I cannot help but wonder if Bonhoeffer had been writing to the 21st century American church he might have added-- "and then the visionary packs his bags, looks for another church and every 3-5 years repeats the process." We never think: what if I crucified my dreams instead of packing up my toys and going somewhere else. Most people today choose churches like they choose fast food restaurants. We are always looking for something. It is the next attraction, the next attention getter, the next 'loving community.' Few people stay long enough in the church to do the hard work of loving and sowing the seeds that will bear the fruit of true community.
--This is true not just of church attenders but pastors: we can be so captivated by our vision casting and our dreams and our building the church into what it should be that we fail to realize that Christ builds His Church. That the church is Christ's bride whom he sanctifies.
Bonhoeffer has this to say:
“Christian community is like the Christian’s sanctification. It is a gift of God which we cannot claim. Only God knows the real state of our fellowship, of our sanctification.

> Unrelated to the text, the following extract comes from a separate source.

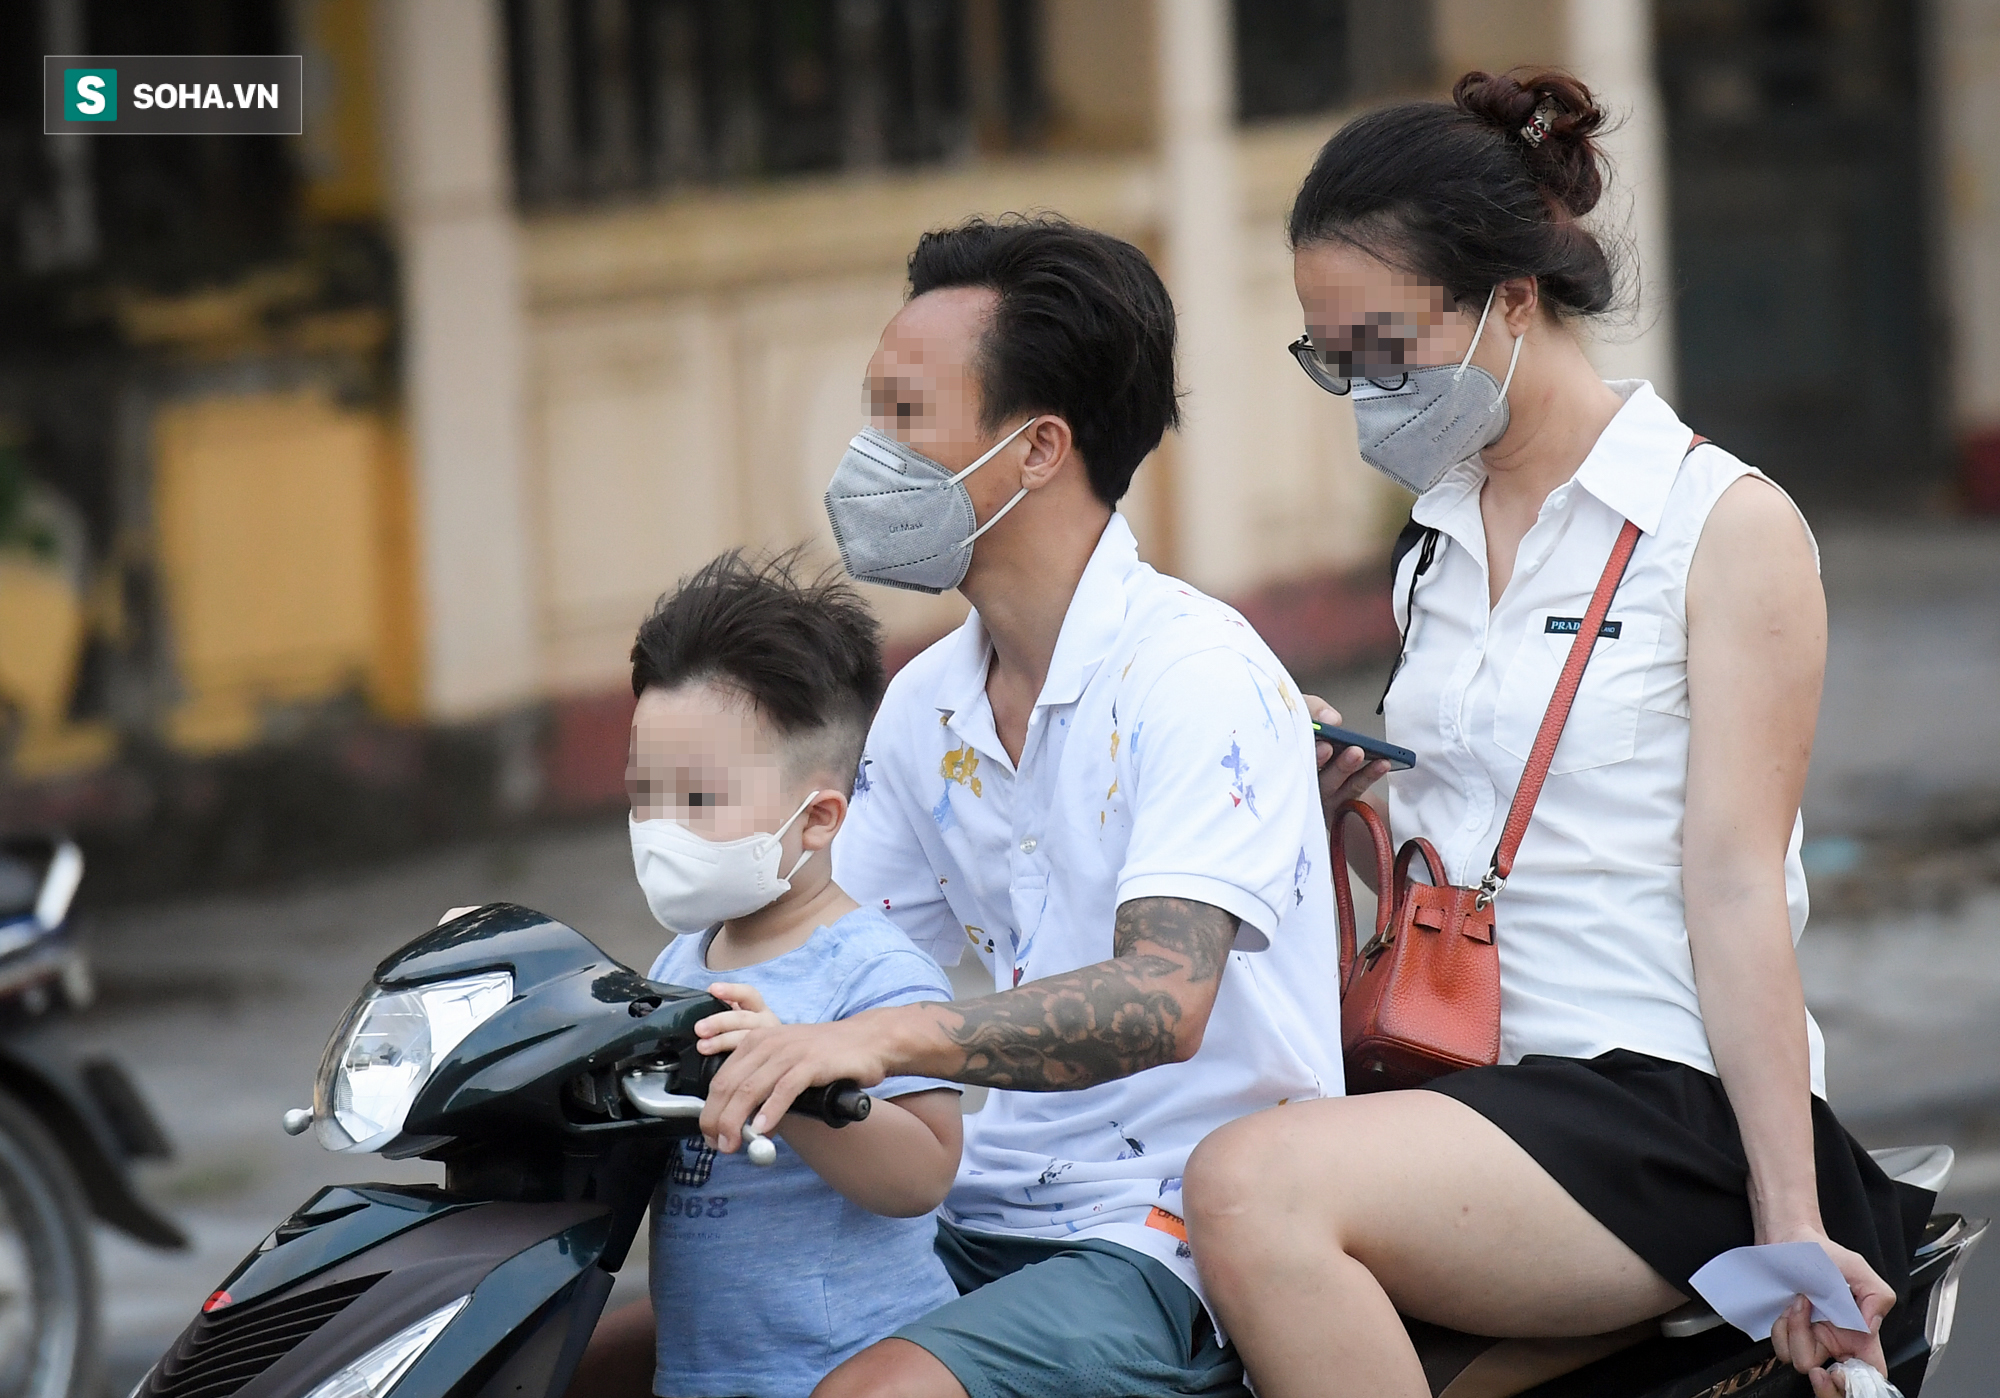 Ra đường mùa dịch: Nhiều người ở Hà Nội nhớ khẩu trang nhưng quên luật giao thông - Ảnh 4.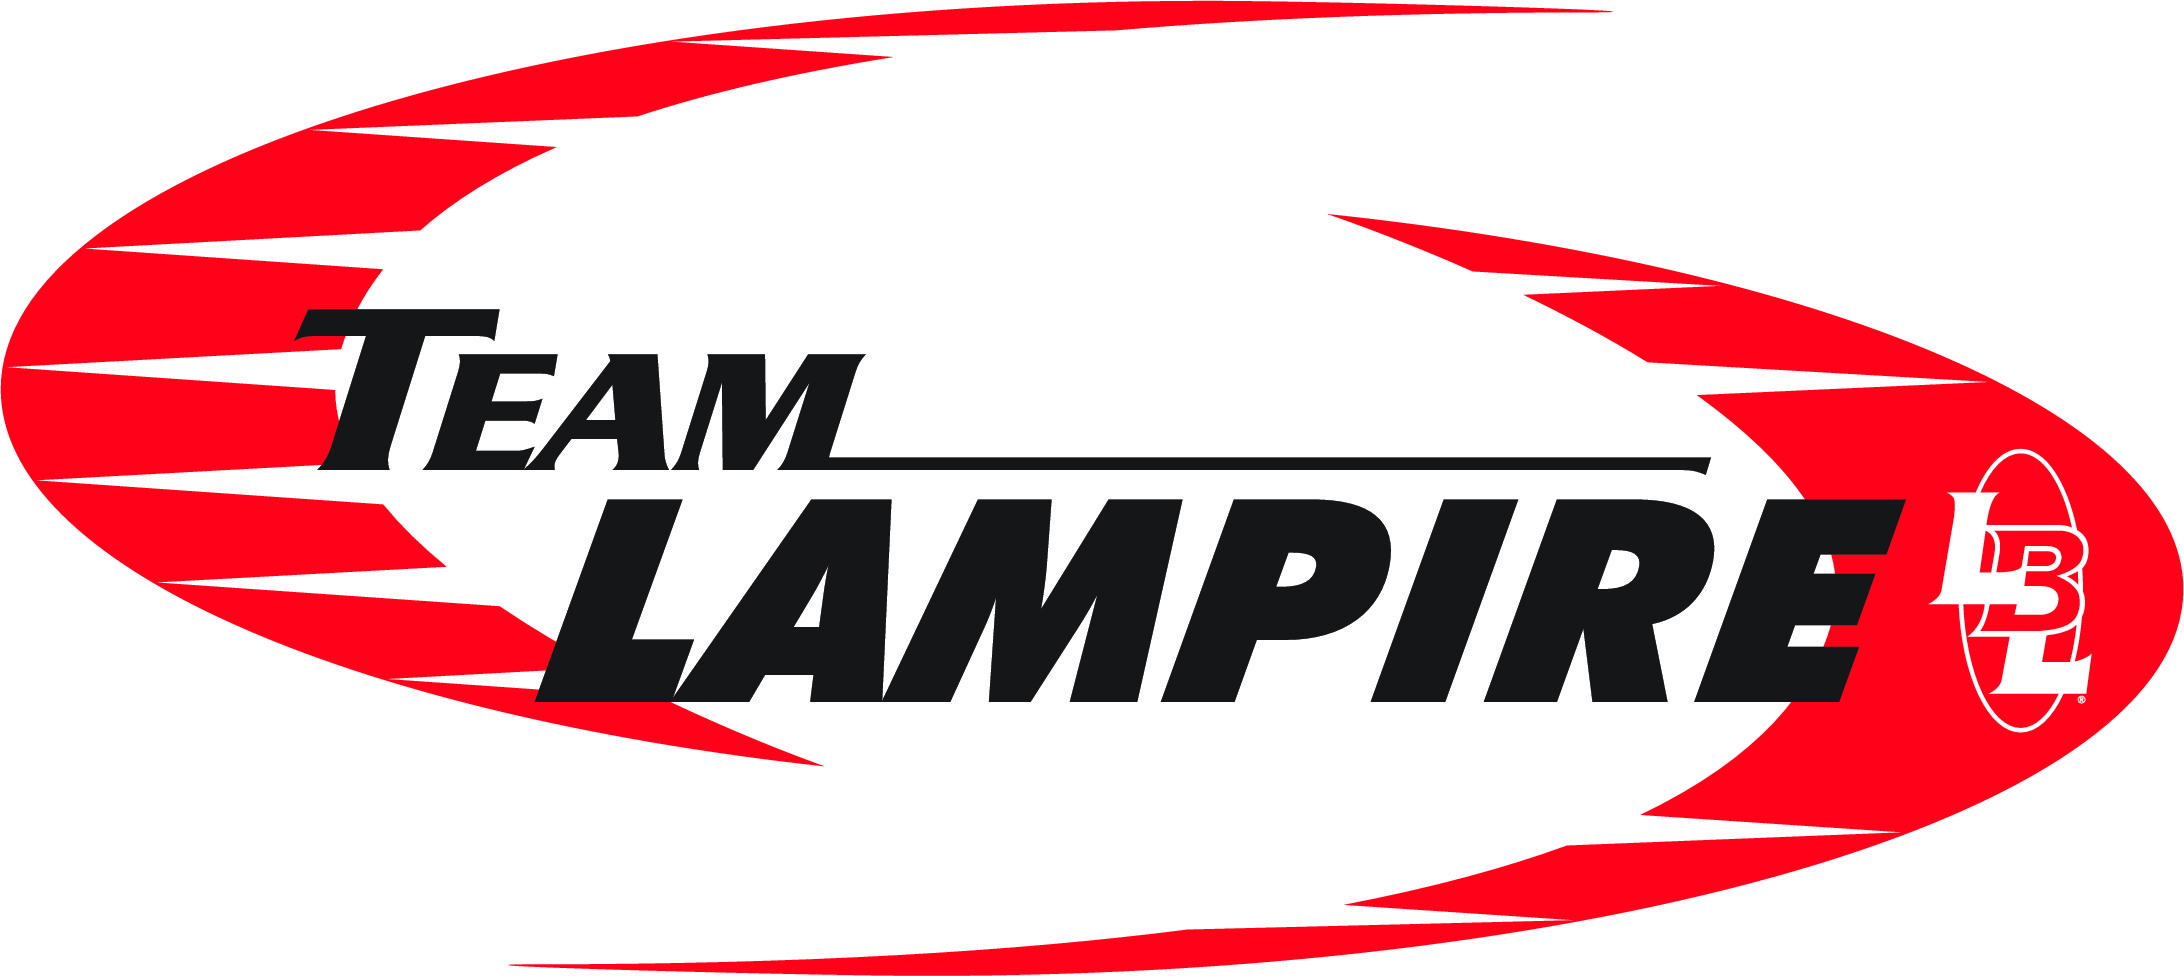 Team Lampire

What may appear weak and trifling to us may be great and glorious to God. Just as the Christian should not be constantly feeling his spiritual pulse, so, too, the Christian community has not been given to us by God for us to be constantly taking its temperature. The more thankfully we daily receive what is given to us, the more surely and steadily will fellowship increase and grow from day to day as God pleases.
Christian brotherhood is not an ideal which we must realize; it is rather a reality created by God in Christ in which we may participate. The more clearly we learn to recognize that the ground and strength and promise of all our fellowship is in Jesus Christ alone, the more serenely shall we think of our fellowship and pray and hope for it.” Life Together, p.30
May God give us the grace to love his bride in the same manner he loved her.